Among the entries below, take the line with "DOBI (50 Pack)" and the line with "Taucher üben die Tarierung im Schwimmbad", and output them and every line between them exactly, with nothing else.

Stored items
+++++

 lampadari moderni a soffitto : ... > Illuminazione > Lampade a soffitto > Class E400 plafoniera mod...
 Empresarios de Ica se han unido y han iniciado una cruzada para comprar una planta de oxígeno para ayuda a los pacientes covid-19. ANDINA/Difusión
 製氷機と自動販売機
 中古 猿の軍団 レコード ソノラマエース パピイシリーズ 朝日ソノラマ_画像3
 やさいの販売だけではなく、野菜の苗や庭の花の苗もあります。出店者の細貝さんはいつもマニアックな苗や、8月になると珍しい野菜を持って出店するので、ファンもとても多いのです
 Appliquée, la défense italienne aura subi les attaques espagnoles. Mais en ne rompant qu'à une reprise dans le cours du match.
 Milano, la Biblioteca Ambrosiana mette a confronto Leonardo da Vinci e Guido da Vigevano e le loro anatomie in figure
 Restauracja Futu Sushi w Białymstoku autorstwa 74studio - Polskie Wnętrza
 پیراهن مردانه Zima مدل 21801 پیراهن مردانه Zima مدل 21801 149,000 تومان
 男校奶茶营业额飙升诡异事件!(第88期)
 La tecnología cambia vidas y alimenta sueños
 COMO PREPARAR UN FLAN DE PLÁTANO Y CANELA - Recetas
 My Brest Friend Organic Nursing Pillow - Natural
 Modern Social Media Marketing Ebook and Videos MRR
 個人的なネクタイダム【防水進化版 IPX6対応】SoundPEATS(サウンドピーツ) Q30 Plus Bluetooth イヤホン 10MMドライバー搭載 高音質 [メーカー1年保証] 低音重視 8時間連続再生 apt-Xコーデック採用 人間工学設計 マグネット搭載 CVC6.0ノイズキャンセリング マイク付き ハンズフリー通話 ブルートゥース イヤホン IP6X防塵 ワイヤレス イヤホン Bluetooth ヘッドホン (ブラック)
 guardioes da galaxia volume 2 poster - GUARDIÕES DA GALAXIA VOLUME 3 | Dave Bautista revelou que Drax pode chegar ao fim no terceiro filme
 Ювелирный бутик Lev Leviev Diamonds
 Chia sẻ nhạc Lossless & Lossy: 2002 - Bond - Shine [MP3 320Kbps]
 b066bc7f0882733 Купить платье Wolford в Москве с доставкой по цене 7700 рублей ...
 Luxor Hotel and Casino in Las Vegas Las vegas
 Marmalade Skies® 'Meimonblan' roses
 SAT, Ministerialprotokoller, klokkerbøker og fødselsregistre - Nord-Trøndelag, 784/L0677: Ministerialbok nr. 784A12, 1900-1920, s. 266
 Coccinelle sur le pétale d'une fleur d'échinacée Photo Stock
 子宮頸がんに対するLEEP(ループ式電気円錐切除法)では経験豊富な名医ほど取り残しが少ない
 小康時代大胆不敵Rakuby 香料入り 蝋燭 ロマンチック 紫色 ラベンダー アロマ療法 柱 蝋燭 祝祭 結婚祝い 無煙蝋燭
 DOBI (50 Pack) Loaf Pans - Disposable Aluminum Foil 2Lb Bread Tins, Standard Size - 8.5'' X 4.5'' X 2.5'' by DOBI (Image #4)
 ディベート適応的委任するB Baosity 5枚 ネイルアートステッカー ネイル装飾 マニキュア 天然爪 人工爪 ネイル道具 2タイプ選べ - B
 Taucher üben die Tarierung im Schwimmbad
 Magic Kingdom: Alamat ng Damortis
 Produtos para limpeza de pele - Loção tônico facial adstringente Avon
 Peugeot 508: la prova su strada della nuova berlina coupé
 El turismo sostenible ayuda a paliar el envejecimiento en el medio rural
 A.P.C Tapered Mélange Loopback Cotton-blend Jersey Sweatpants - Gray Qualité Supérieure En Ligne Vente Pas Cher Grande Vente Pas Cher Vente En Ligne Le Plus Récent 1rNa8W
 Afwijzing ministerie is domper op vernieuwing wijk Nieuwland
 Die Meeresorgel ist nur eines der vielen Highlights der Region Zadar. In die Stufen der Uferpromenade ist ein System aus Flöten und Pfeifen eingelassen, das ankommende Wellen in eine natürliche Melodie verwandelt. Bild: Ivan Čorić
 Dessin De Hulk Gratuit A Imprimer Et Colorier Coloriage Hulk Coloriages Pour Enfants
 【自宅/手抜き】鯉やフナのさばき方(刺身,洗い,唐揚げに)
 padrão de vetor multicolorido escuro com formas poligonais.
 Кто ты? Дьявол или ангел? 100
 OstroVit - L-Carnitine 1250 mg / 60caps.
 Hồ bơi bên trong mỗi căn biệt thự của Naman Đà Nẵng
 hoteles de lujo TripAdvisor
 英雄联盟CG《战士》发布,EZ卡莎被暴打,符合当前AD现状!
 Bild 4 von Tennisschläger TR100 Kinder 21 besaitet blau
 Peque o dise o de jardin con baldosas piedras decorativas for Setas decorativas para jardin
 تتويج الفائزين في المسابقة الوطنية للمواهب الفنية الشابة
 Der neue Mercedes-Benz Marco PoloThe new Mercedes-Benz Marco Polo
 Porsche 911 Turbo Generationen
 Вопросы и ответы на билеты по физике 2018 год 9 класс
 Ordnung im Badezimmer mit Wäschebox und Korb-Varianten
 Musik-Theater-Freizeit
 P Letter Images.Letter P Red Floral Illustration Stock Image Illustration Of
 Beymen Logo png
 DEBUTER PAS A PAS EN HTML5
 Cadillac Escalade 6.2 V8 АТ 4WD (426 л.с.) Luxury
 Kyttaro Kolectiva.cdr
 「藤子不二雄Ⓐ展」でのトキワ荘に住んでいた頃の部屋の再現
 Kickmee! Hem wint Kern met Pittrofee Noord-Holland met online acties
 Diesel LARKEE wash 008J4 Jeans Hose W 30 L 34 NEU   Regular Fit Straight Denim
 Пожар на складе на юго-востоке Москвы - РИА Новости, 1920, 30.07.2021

+++++

Solution for this exercise ->
 DOBI (50 Pack) Loaf Pans - Disposable Aluminum Foil 2Lb Bread Tins, Standard Size - 8.5'' X 4.5'' X 2.5'' by DOBI (Image #4)
 ディベート適応的委任するB Baosity 5枚 ネイルアートステッカー ネイル装飾 マニキュア 天然爪 人工爪 ネイル道具 2タイプ選べ - B
 Taucher üben die Tarierung im Schwimmbad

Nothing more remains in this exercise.